栃木県

黒田泰蔵 白磁の道

純粋な造形へと昇華した白磁の表現で世界的に活躍し、今年4月に惜しまれながら逝去した黒田泰蔵の個展を開催する。
黒田は1946年滋賀県に生まれ、20歳の頃に渡仏。 パリ滞在中、島岡達三との出会いがきっかけで作陶の道に進む。1970年代はカナダを制作拠点としますが、一時帰国した際には益子の島岡のもとでやきものを学び、濱田庄司とも出会った。益子での経験は、その後の黒田の精神に深く息づいている。帰国後、1991年に静岡県伊東市にアトリエを構え、45歳の頃より「轆轤成形・うつわ・単色」を制作のテーマと決め、代表作となる無垢の白磁を確立していった。

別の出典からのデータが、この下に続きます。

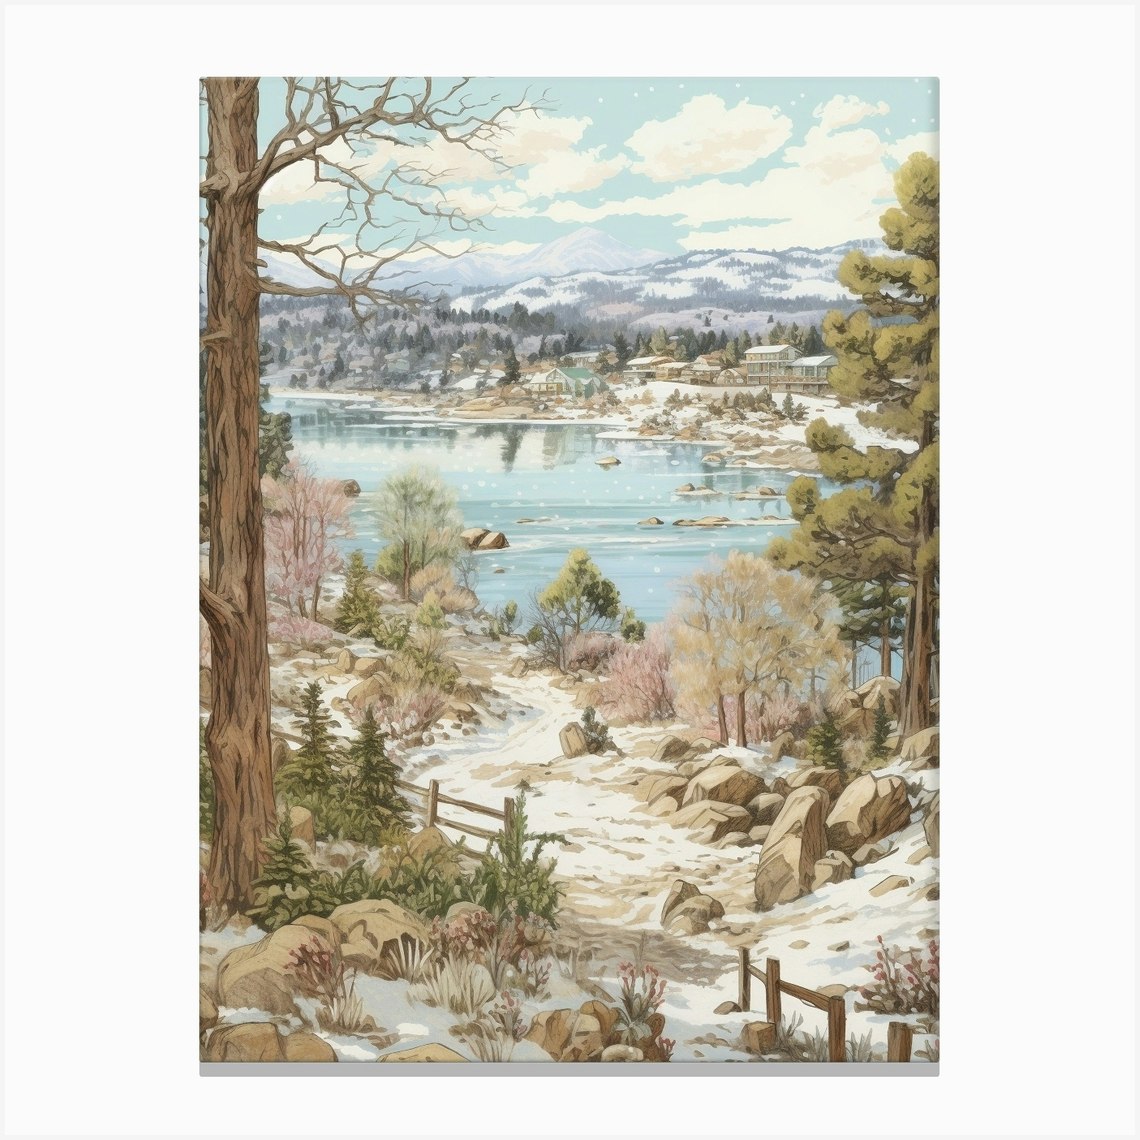 Vintage Winter Illustration Big Bear Lake California 2 Canvas Print by Bon  Hiver Prints - Fy

本展では、代表的な白磁作品とともに旧作をあわせ、約100点を通じて黒田泰蔵の軌跡をたどる。益子で制作したとされる陶器をはじめ、色絵磁器や陶人形など、白磁より以前に手がけていた作品は、今となってはとても稀少なものとなった。量産スタイルを彷彿とさせる前半期の作品から、晩年の抽象化された白磁まで展覧すると、最初から一貫する黒田のシャープな造形感覚とともに、作家として劇的な変化を遂げていく道程が浮かび上がってくる。本展があらためて、黒田泰蔵の創作の真髄を見つめる機会となるだろう。